Jaiswal Ajay, Tang Liyan, Ghosh Meheli, Rousseau Justin F, Peng Yifan, Ding Ying
The University of Texas at Austin, United States.
Central University of Gujarat, India.
Proc Mach Learn Res. 2021 Dec;158:196-208.
Radiology reports are unstructured and contain the imaging findings and corresponding diagnoses transcribed by radiologists which include clinical facts and negated and/or uncertain statements. Extracting pathologic findings and diagnoses from radiology reports is important for quality control, population health, and monitoring of disease progress. Existing works, primarily rely either on rule-based systems or transformer-based pre-trained model fine-tuning, but could not take the factual and uncertain information into consideration, and therefore generate false positive outputs. In this work, we introduce three sedulous augmentation techniques which retain factual and critical information while generating augmentations for contrastive learning. We introduce RadBERT-CL, which fuses these information into BlueBert via a self-supervised contrastive loss. Our experiments on MIMIC-CXR show superior performance of RadBERT-CL on fine-tuning for multi-class, multi-label report classification. We illustrate that when few labeled data are available, RadBERT-CL outperforms conventional SOTA transformers (BERT/BlueBert) by significantly larger margins (6-11%). We also show that the representations learned by RadBERT-CL can capture critical medical information in the latent space.

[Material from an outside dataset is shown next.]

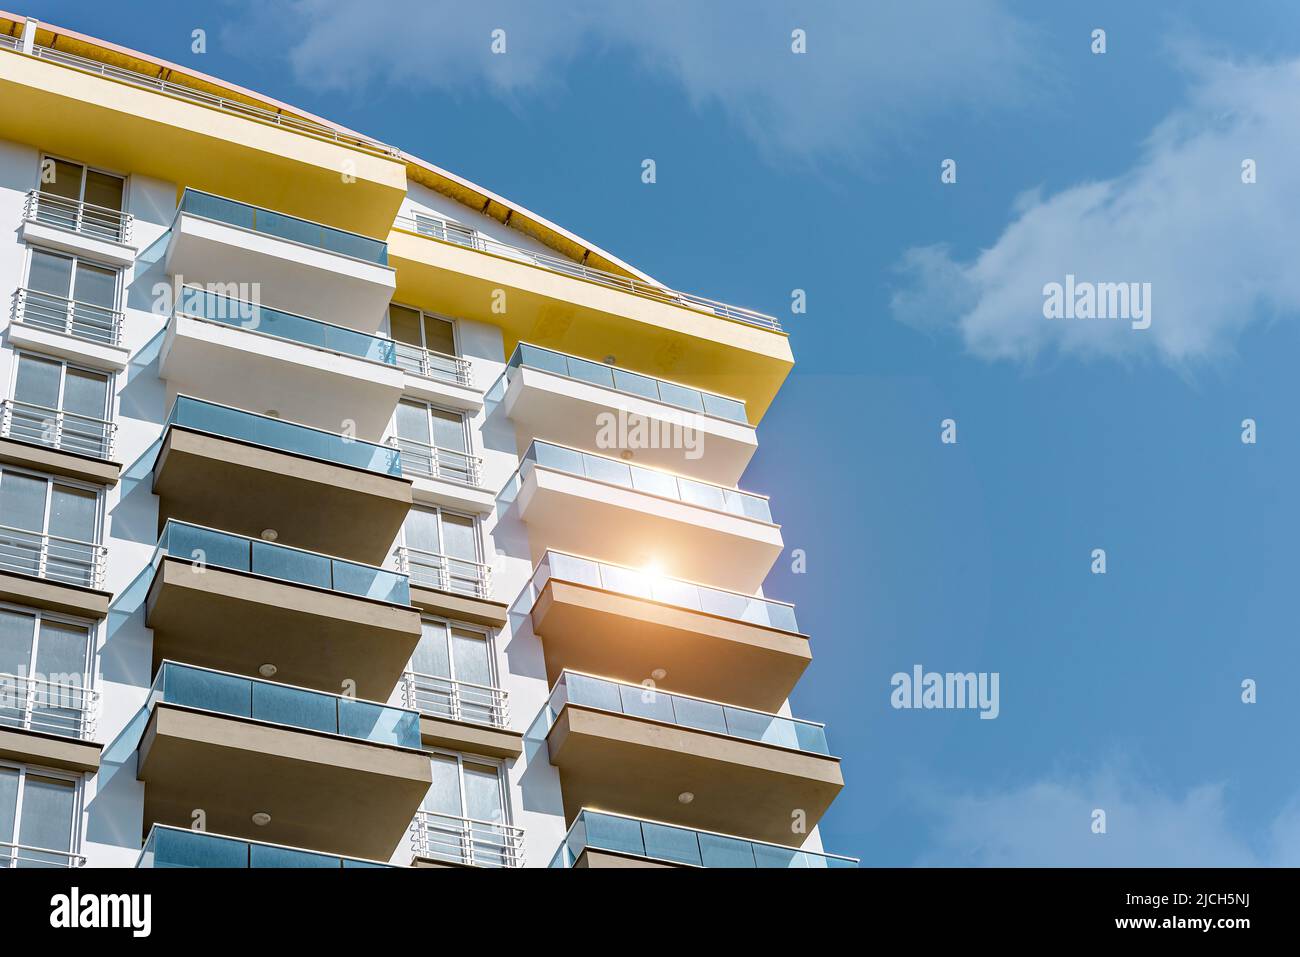 Effets lumineux des rayons du soleil sur les bâtiments de la ville. Fragment d'un appartement résidentiel moderne avec balcons. Architecture turque. Banque D'Images

放射学报告是非结构化的,包含放射科医生转录的影像学发现和相应诊断,其中包括临床事实以及否定和/或不确定的陈述。从放射学报告中提取病理发现和诊断对于质量控制、人群健康以及疾病进展监测至关重要。现有工作主要依赖基于规则的系统或基于Transformer的预训练模型微调,但无法考虑事实性和不确定性信息,因此会产生误报。在这项工作中,我们引入了三种精心设计的增强技术,这些技术在为对比学习生成增强时保留了事实性和关键信息。我们引入了RadBERT-CL,它通过自监督对比损失将这些信息融合到BlueBert中。我们在MIMIC-CXR上的实验表明,RadBERT-CL在多类、多标签报告分类的微调方面具有卓越性能。我们证明,当可用的标记数据很少时,RadBERT-CL比传统的最优Transformer(BERT/BlueBert)有显著更大的优势(6-11%)。我们还表明,RadBERT-CL学习到的表示可以在潜在空间中捕获关键医学信息。